# Box 66 & Kilimanjaro



## Fuzzonaut (Jul 13, 2019)

Hello,

new guy here, I tried those 2 fuzzes for starters. As I didn't want to spent too much on transistors, I went through what was laying around.

For the 66, almost anything sounded great: currently there's a Russain GT320B and a AC128 (I think).







The Kilimanjaro was a bit trickier, some transistors where giving me a bit of oscillation on certain filter settings, which actually was kinda cool, but currently there are two Russian GT403B and a AC125. 
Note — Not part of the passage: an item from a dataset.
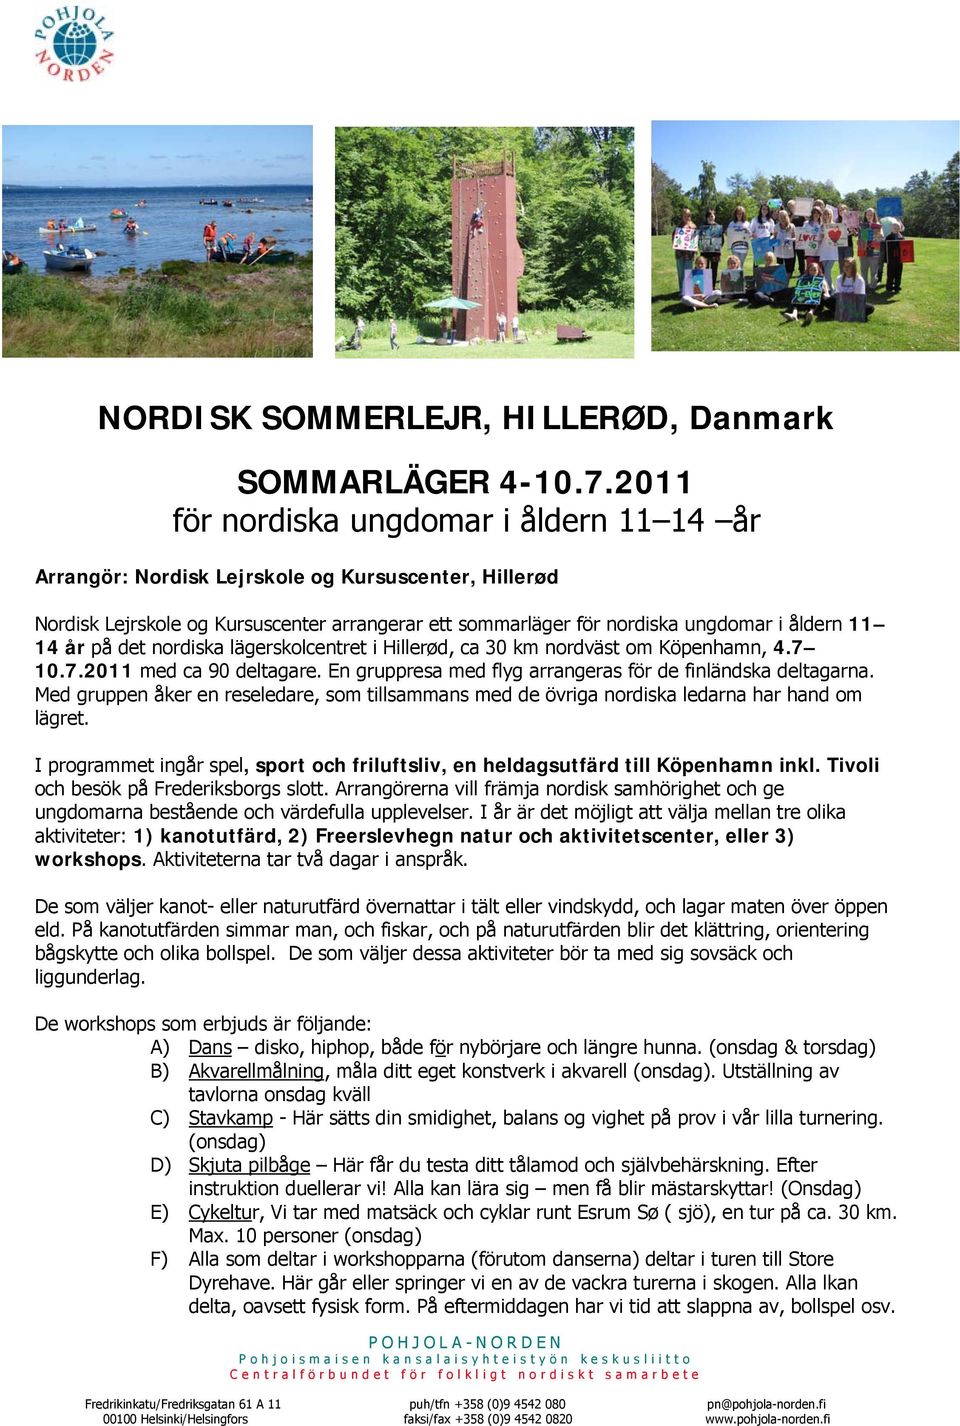 på det nordiska lägerskolcentret i Hillerød, ca 30 km nordväst om Köpenhamn, 4.7 10.7.2011 med ca 90 deltagare. En gruppresa med flyg arrangeras för de finländska deltagarna.

It would be cool to have a "Mojo PCB" for some of those low part count, old school fuzzes with a wider spacing around components, especially caps.
I'd have liked to throw some totally oversized caps into the 66.


----------



## chongmagic (Jul 13, 2019)

Awesome stuff, great job!


----------



## Fuzzonaut (Jul 14, 2019)

chongmagic said:


> Awesome stuff, great job!



Thanks!


----------



## geekmacdaddy (Jul 16, 2019)

niiiice


----------



## Robert (Jul 17, 2019)

Fuzzonaut said:


> It would be cool to have a "Mojo PCB" for some of those low part count, old school fuzzes with a wider spacing around components, especially caps.
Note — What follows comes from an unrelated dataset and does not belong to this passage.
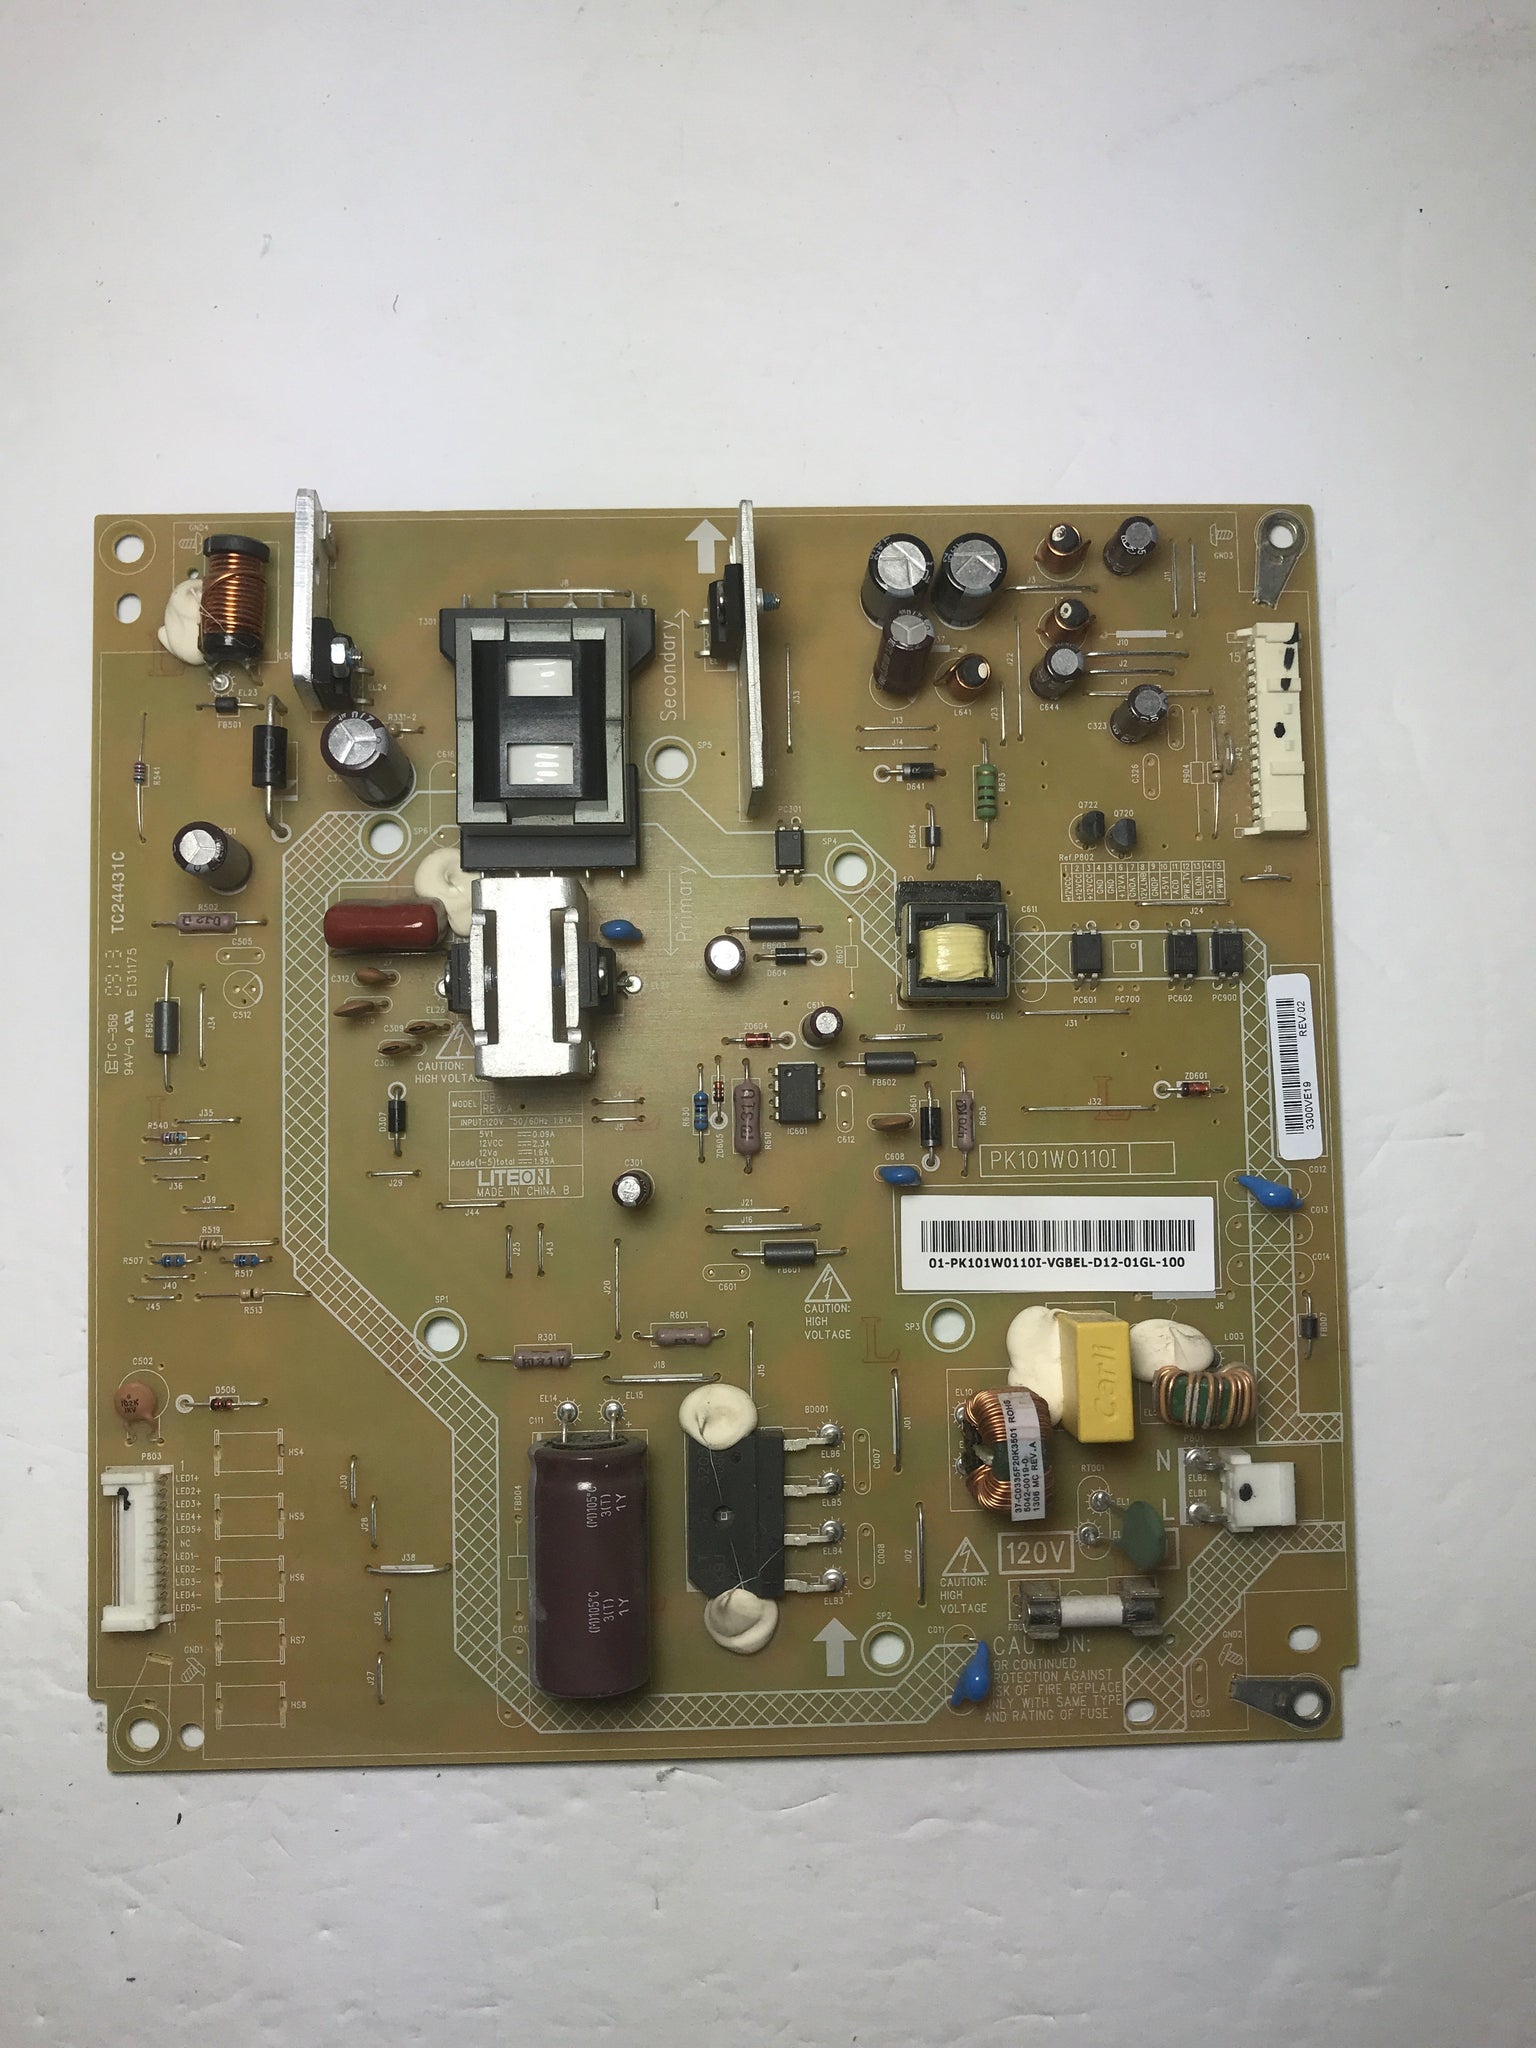 Toshiba PK101W0110I Power Supply/LED Board

I like this idea, years ago I designed a few for etching that looked similar in style to eyelet boards.


----------



## Pupina (Aug 15, 2021)

Fuzzonaut said:


> Hello,
> 
> new guy here, I tried those 2 fuzzes for starters. As I didn't want to spent too much on transistors, I went through what was laying around.
> 
> ...


Dear FUZZONAUT, could you please tell the specs of the three transistors used in the Kilimanjaro? I mean Q1, Q1, Q3 HFE and leakage.
Do you have a soundfile of the Kilimajiaro?
Thanks!


----------



## Fuzzonaut (Aug 15, 2021)

Pupina said:


> Dear FUZZONAUT, could you please tell the specs of the three transistors used in the Kilimanjaro? I mean Q1, Q1, Q3 HFE and leakage.
> Do you have a soundfile of the Kilimajiaro?
> Thanks!


Hi, no I'm afraid, I don' have the specs at hand - and the pedal is with a friend ... 
Also, IIRC, I didn't test any of the transistors I tried, I just went through what I had lying around and stopped when it sounded best to my ears.
No sound files either.  Sorry.


----------



## Barry (Aug 15, 2021)

Nice graphics and tidy builds!


----------